Data items
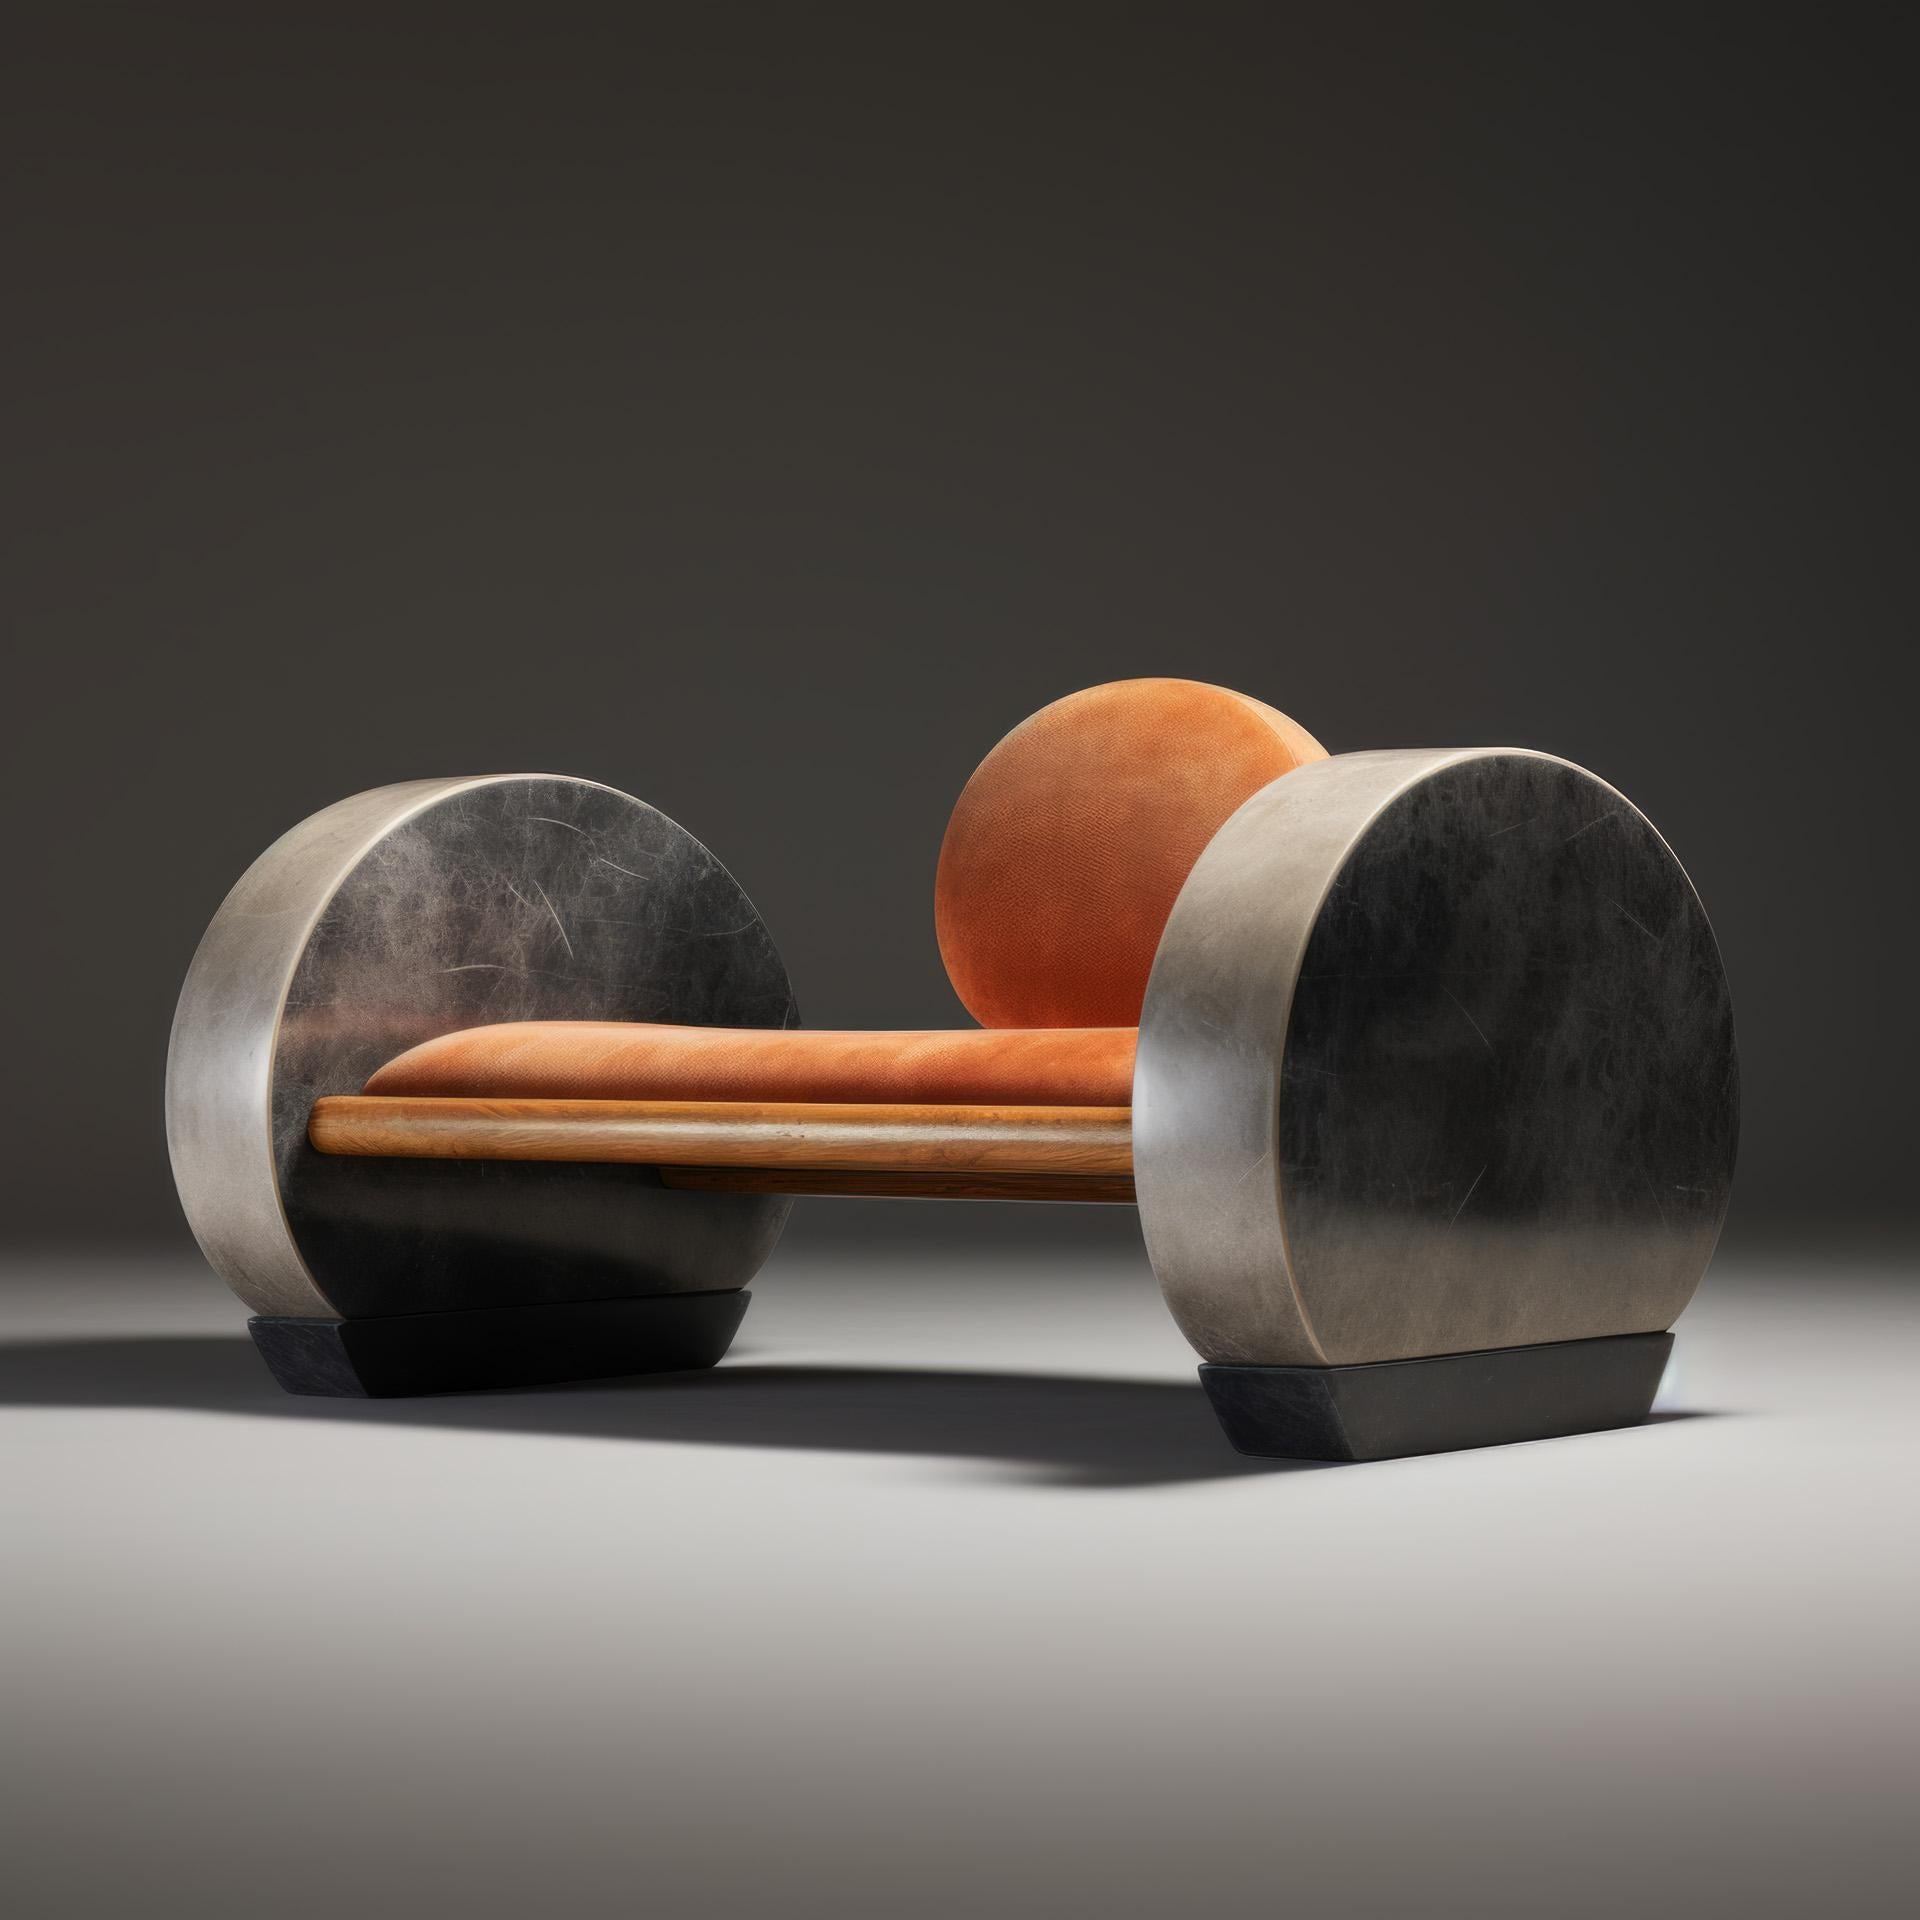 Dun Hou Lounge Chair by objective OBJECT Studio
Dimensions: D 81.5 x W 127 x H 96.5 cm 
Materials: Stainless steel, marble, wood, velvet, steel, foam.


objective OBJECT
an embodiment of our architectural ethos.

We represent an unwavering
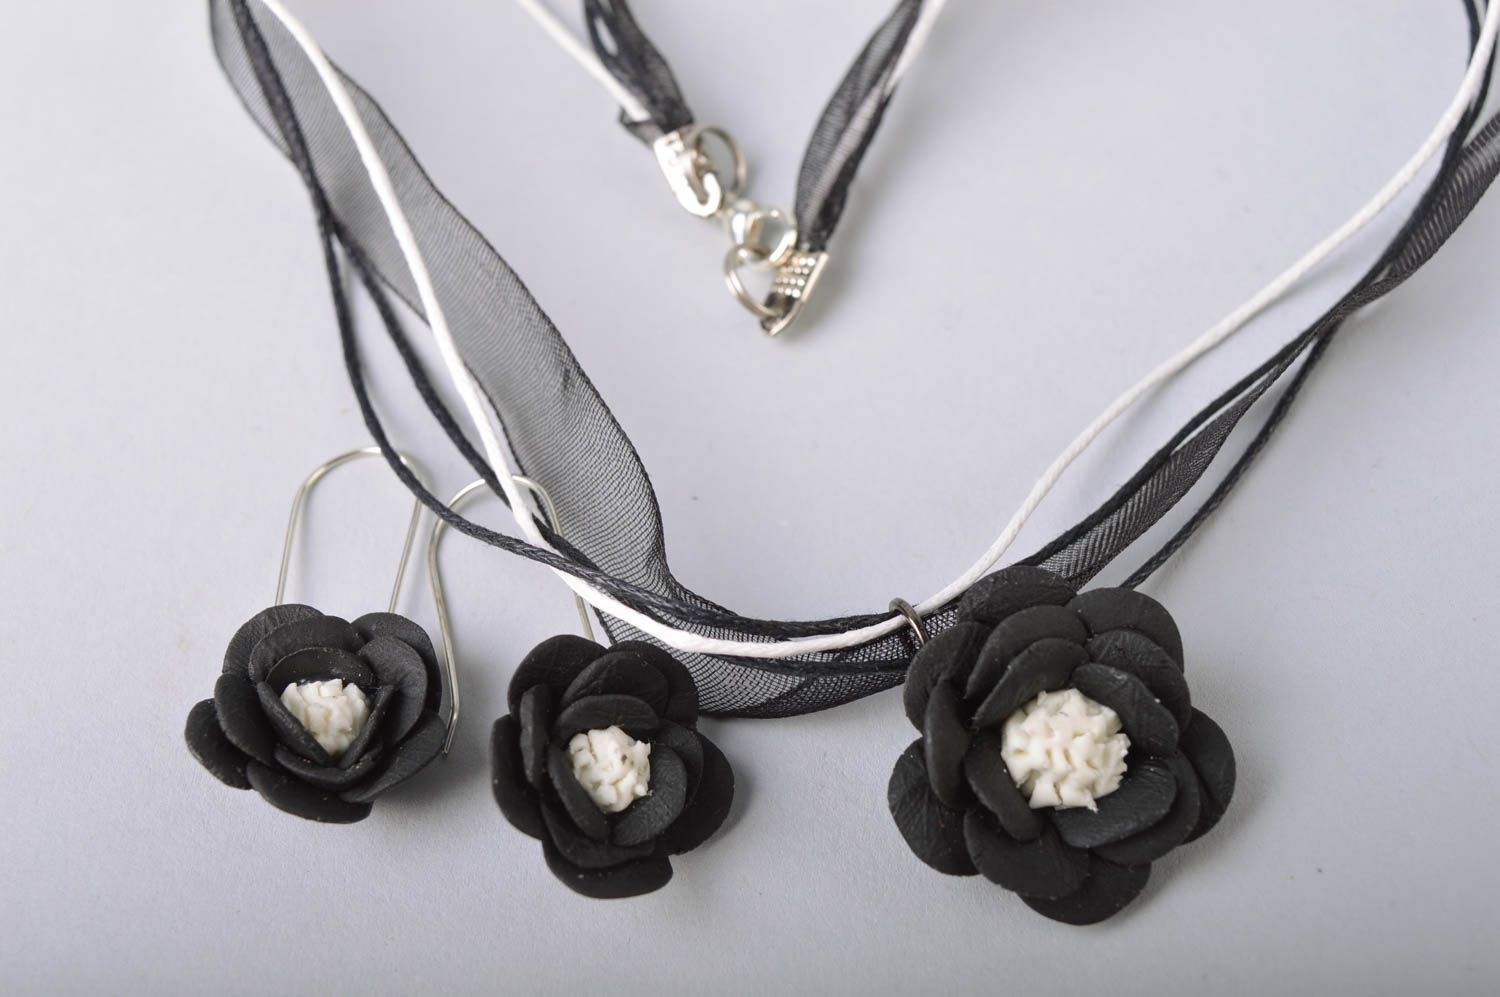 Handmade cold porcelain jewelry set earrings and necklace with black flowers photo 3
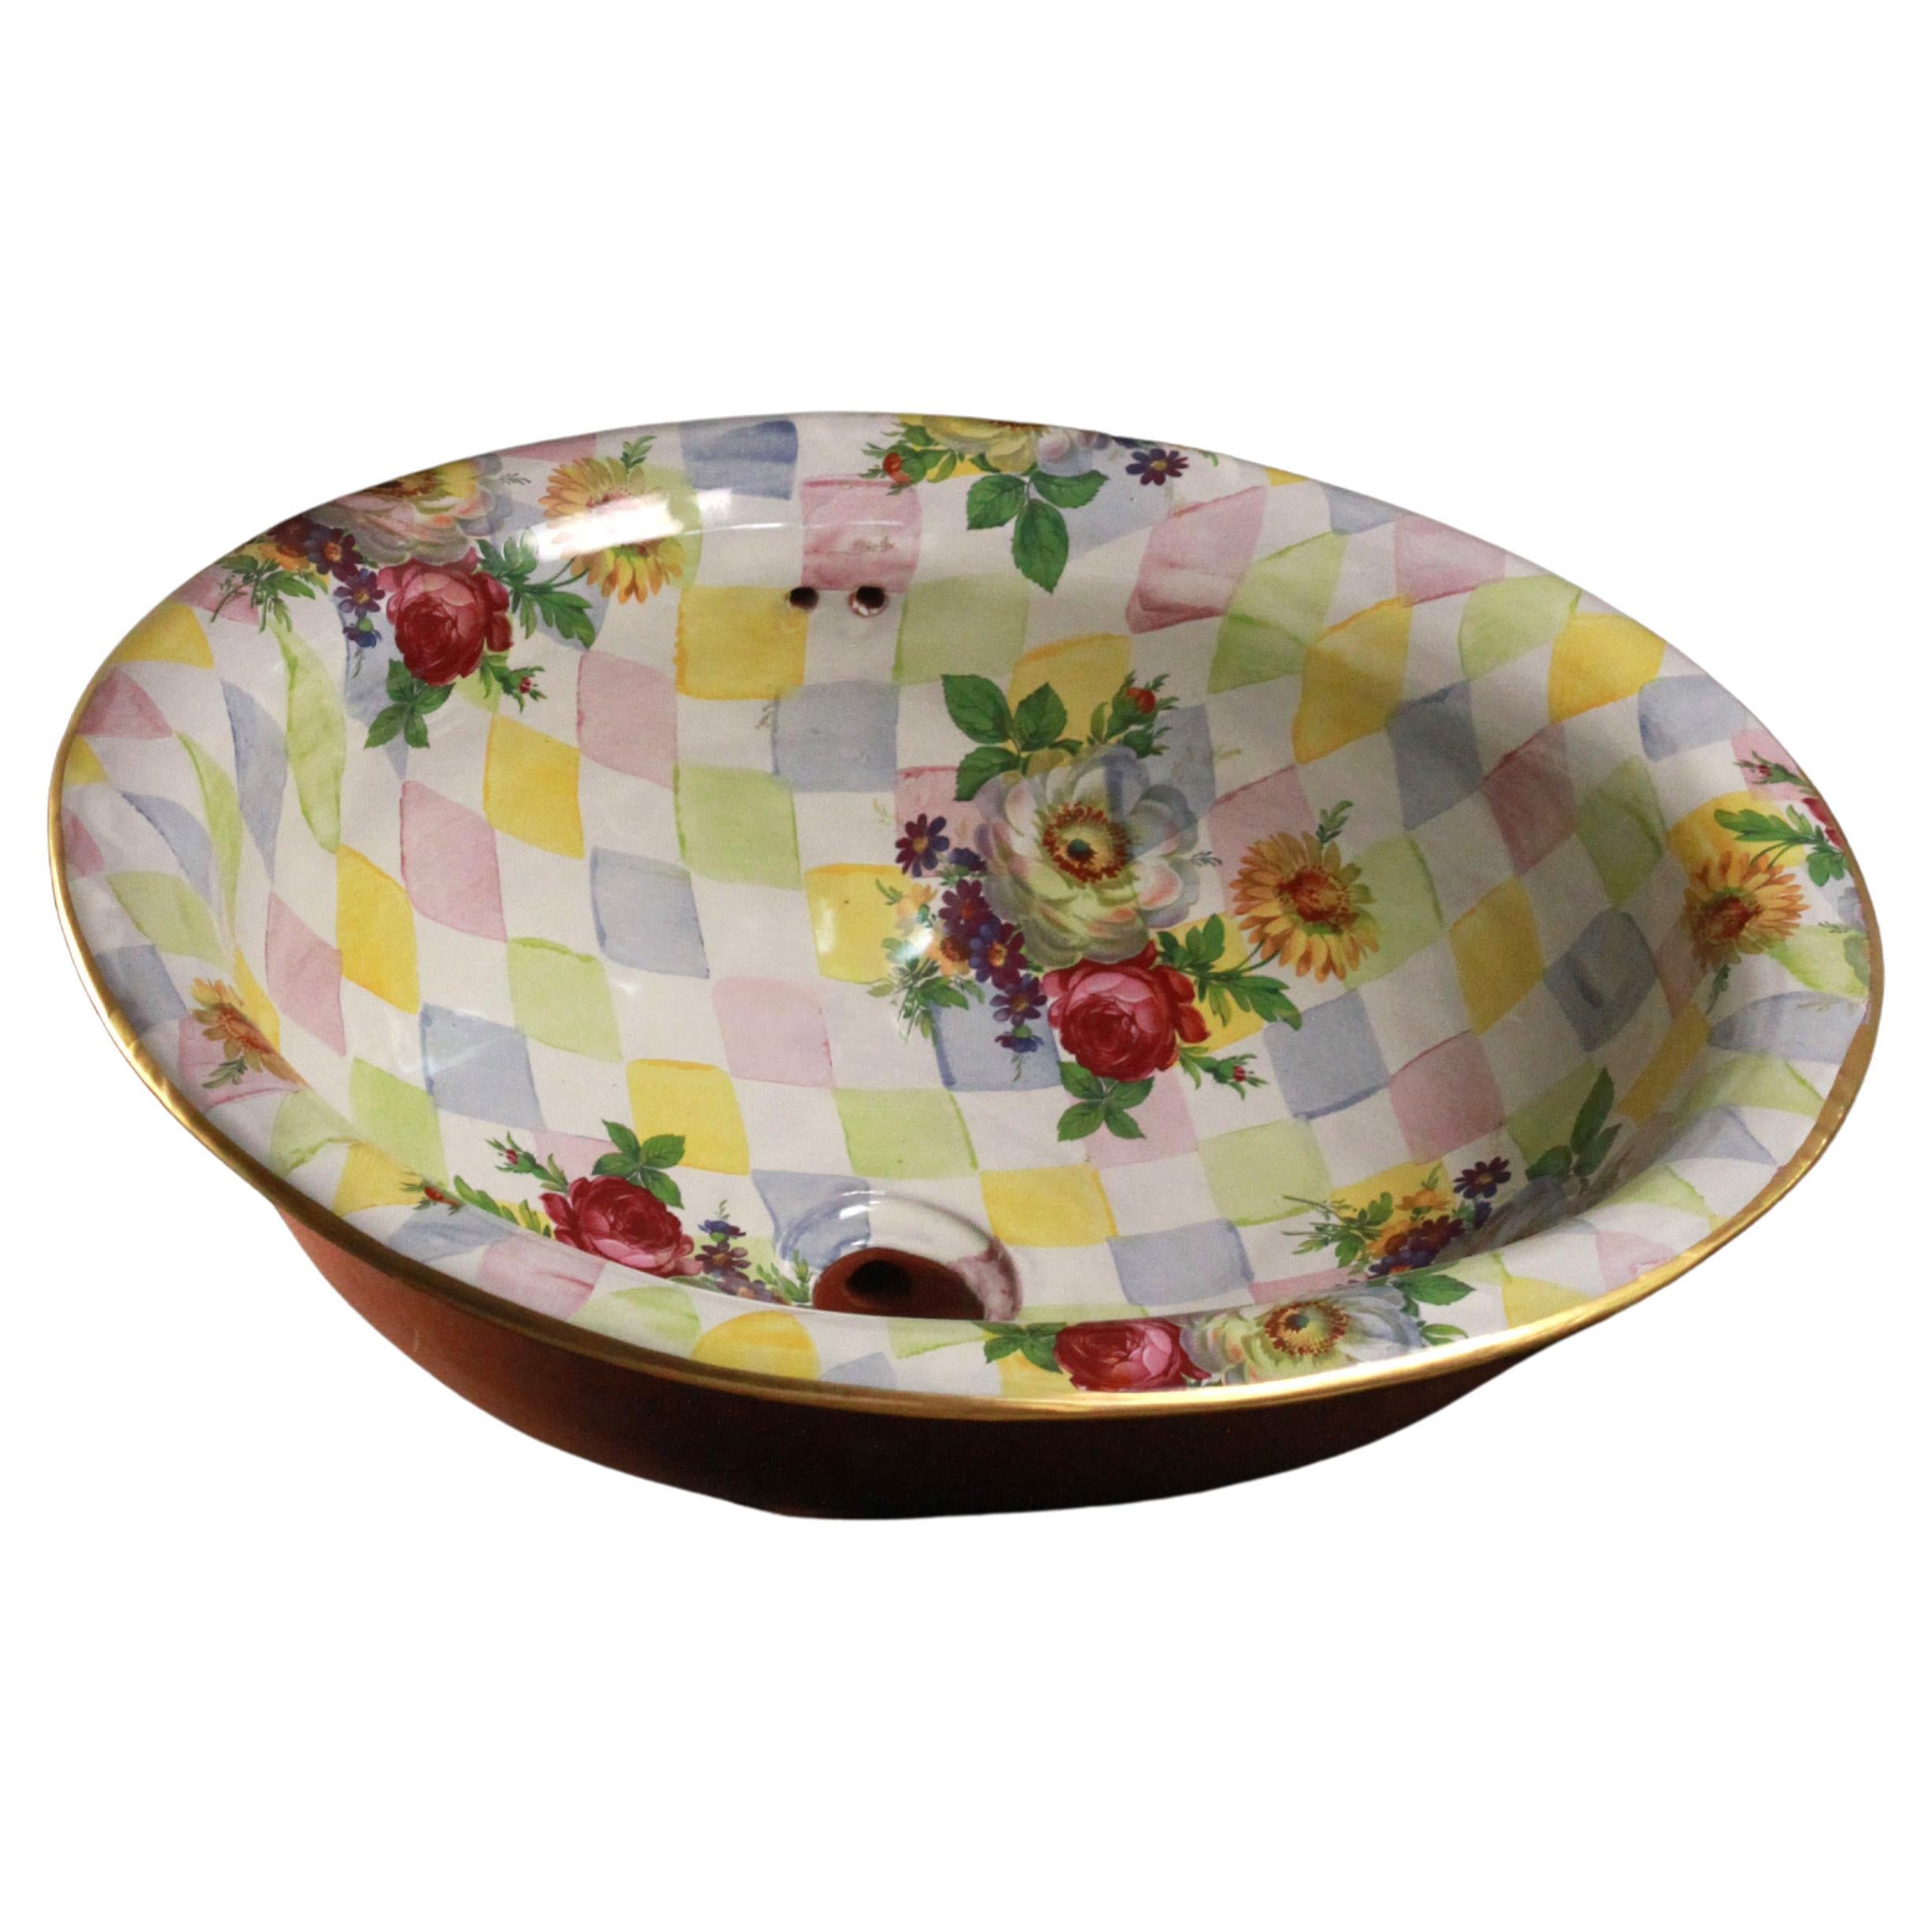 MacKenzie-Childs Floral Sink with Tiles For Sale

## PROMPT
Once the pictures are set aside, restate the remaining data above exactly.

## SOLUTION TO THIS TASK
 Dun Hou Lounge Chair by objective OBJECT Studio
Dimensions: D 81.5 x W 127 x H 96.5 cm 
Materials: Stainless steel, marble, wood, velvet, steel, foam.


objective OBJECT
an embodiment of our architectural ethos.

We represent an unwavering
 Handmade cold porcelain jewelry set earrings and necklace with black flowers photo 3
 MacKenzie-Childs Floral Sink with Tiles For Sale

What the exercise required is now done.